For the second straight game* the Red Sox walked off over the White Sox, taking a 4-3 win on a big pinch-hit single from Mike Carp in the tenth inning.
While yesterday it was the Red Sox coming back from a late deficit, Thursday the shoe was on the other foot. At least for the second half of the game. For the first half...well, it looked very much like Wednesday all over again. Jon Lester was not nearly so vulnerable as Rubby De La Rosa, but he was good for a first-inning run with Jose Abreu smacking a double over Jonny Gomes' head and off the bottom of the Monster, scoring Adam Eaton from first as Gomes struggled to recover.
Meanwhile, Jose Quintana was doing his best to make Chris Sale look bad. Which is no easy feat. As we've seen so often dating back to the ALCS, frankly, the Red Sox were in some danger of letting the opposing pitcher make a bit of history. Quintana took a perfect game into the sixth inning, leaving Lester's best efforts looking pedestrian by comparison.

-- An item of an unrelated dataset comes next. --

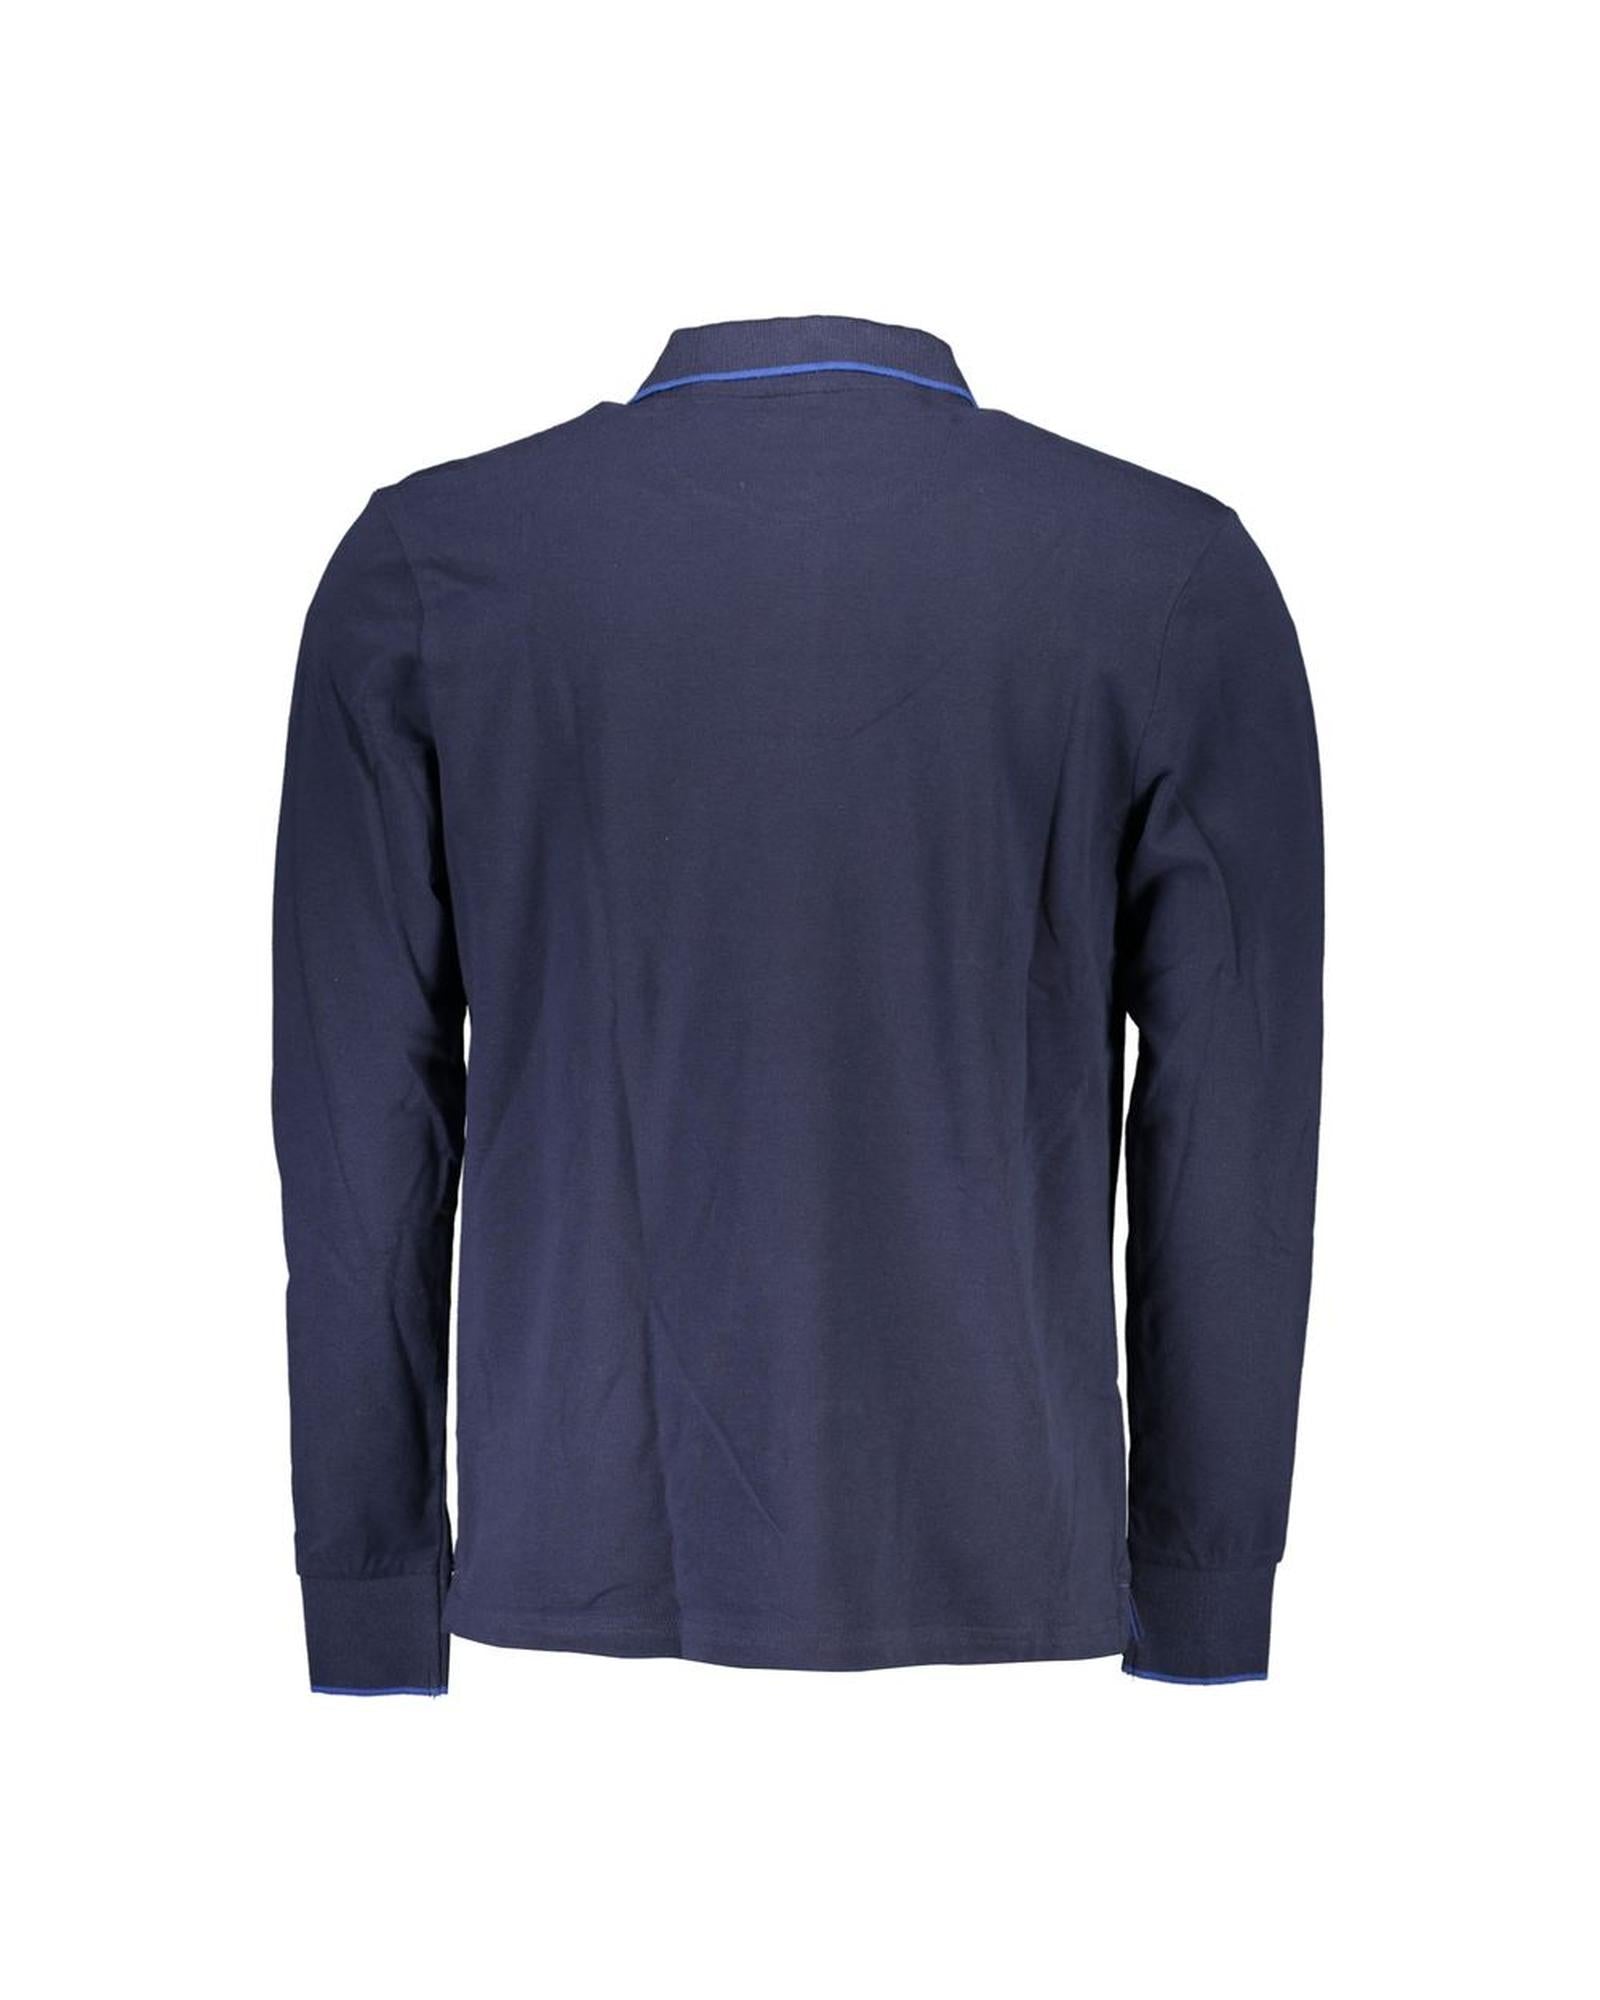 North Sails Men's Blue Cotton Polo Shirt - M

In reality, they were anything but. After the first inning run, Lester was downright ridiculous. The White Sox managed to produce some hits, but with Lester missing bat after bat after bat, they were unable to capitalize on any given baserunner. After seven innings of work, Lester had amassed 20 swinging strikes, half of them on a curveball that may have done more work tonight than any given pitch in any given start for a Red Sox pitcher this year. 20 of them led to 16 swings, 10 misses, and just one ball in play. All told, he left the game with twelve strikeouts, seven hits, no walks, and just the one run.
He also left with a lead. In the sixth, Quintana's perfect game went off the rails in a hurry. Back-to-back walks to Stephen Drew and David Ross brought Jackie Bradley to the plate with two on and no outs. While the Red Sox made the odd call to have Bradley attempt to bunt even with a 2-0 count, he thankfully failed to get it down, allowing him to hit a ground ball into right field for an RBI single, tying the game.

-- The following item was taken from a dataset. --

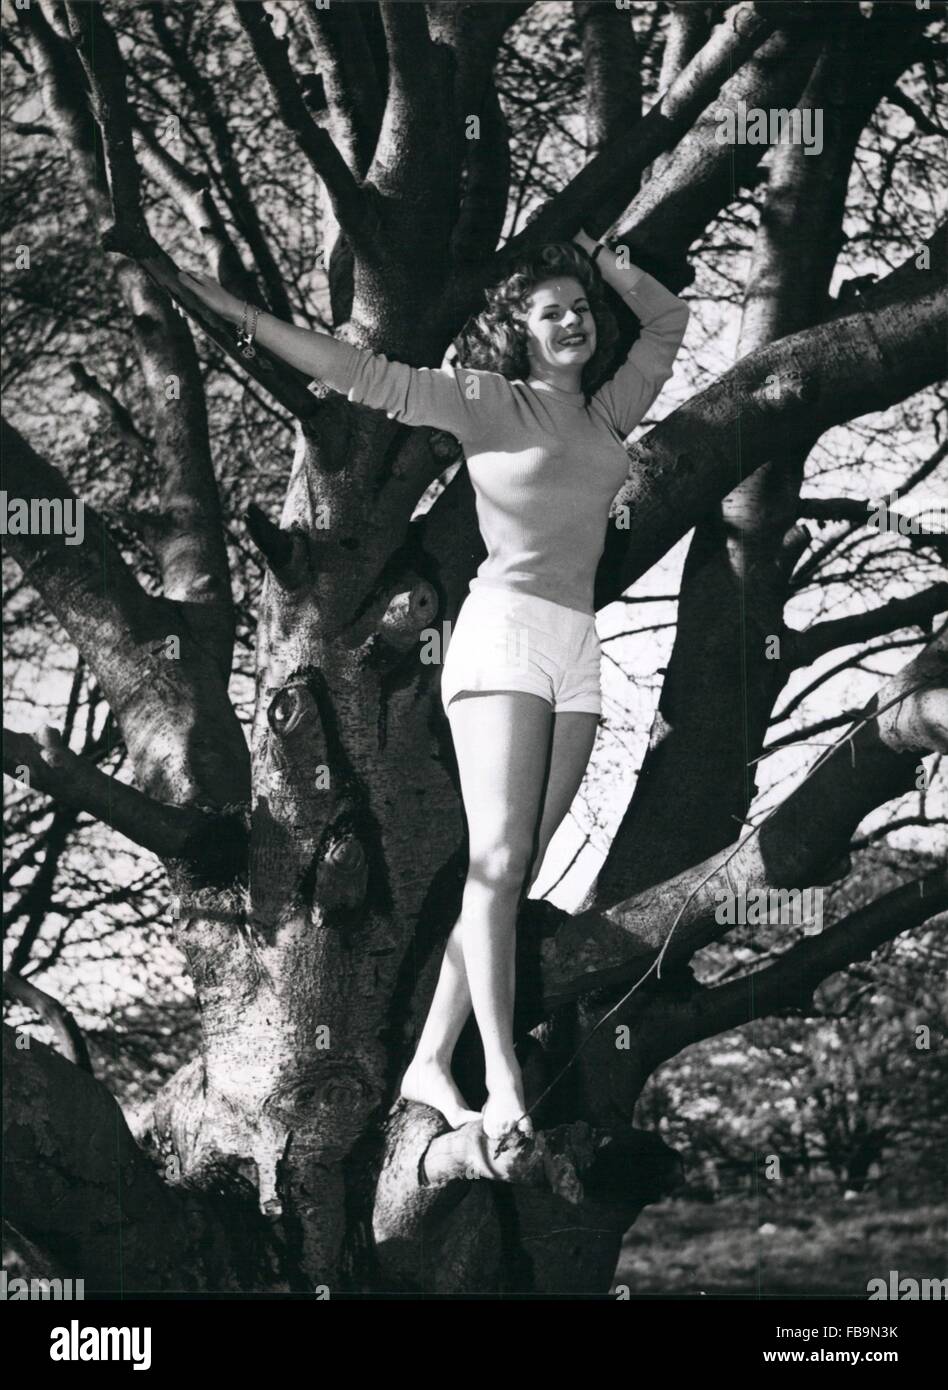 1962 - wir verneigen uns an dieses Mädchen von den Zweigen: zwei Arten von Gliedmaßen hier. Die formschöne Glieder der Baum Liebhaber Marilyn Davis, und die Glieder von den hohen Bäumen, in denen sie liebt es, sich zu entfalten. Marilyn ist wie zu Hause in den Wäldern als vor den Fernsehkameras - aber sie lieber unter freiem Himmel Leben des ersteren. © Keystone Bilder USA/ZUMAPRESS.com/Alamy Live-Nachrichten Stockfoto

While the next two Red Sox batters grounded out, the attack was not over yet. Already having been robbed of extra bases earlier in the game, David Ortiz gave Chicago's outfielders no chance to keep him from getting to Quintana in the sixth, doubling off the left field wall to plate both Ross and Bradley, giving the Red Sox a 3-1 lead.
There was still one hurdle left to clear. After all, newly-dubbed Red Sox killer Conor Gillaspie hadn't had a chance to do his dirty work yet. That waited until the ninth. After replay overturned about the closest bang-bang call you'll see at first, giving Alexei Ramirez an infield single to start the inning, a pinch-hitting Gillaspie jumped out in front of the plate to meet a Koji Uehara Splitter, launching it into the seats in right field to tie the game.
The Red Sox could not get back on the scoreboard in the bottom of the ninth, and so we found ourselves in extra innings. Those, thankfully, did not last too long at all. Once again, Daniel Nava provided a key pinch-hitting appearance, drawing a walk to start off the tenth after Andrew Miller worked around a leadoff single in the top of the inning. The Red Sox, as the White Sox had, moved the runner along with a sacrifice bunt. Then the White Sox, as the Red Sox had, elected to intentionally walk the next batter.
The difference is that the Red Sox had intentionally walked Jose Dariel Abreu. The White Sox...the White Sox walked Stephen Drew, which would have brought David Ross to the plate had John Farrell not elected to pinch hit Mike Carp. And while it's been a long time since Carp provided us with big clutch hits, for the second straight night there was a little 2013 left in Fenway. Carp ripped a 2-2 fastball through the vacated left side of the infield, and while this time the throw to the plate was closer, Daniel Nava was still able to slide in safe under the tag, giving Boston a second straight walkoff victory.
*In which A.J. Pierzynski has not been a part of this team. Sorry, I still couldn't help it.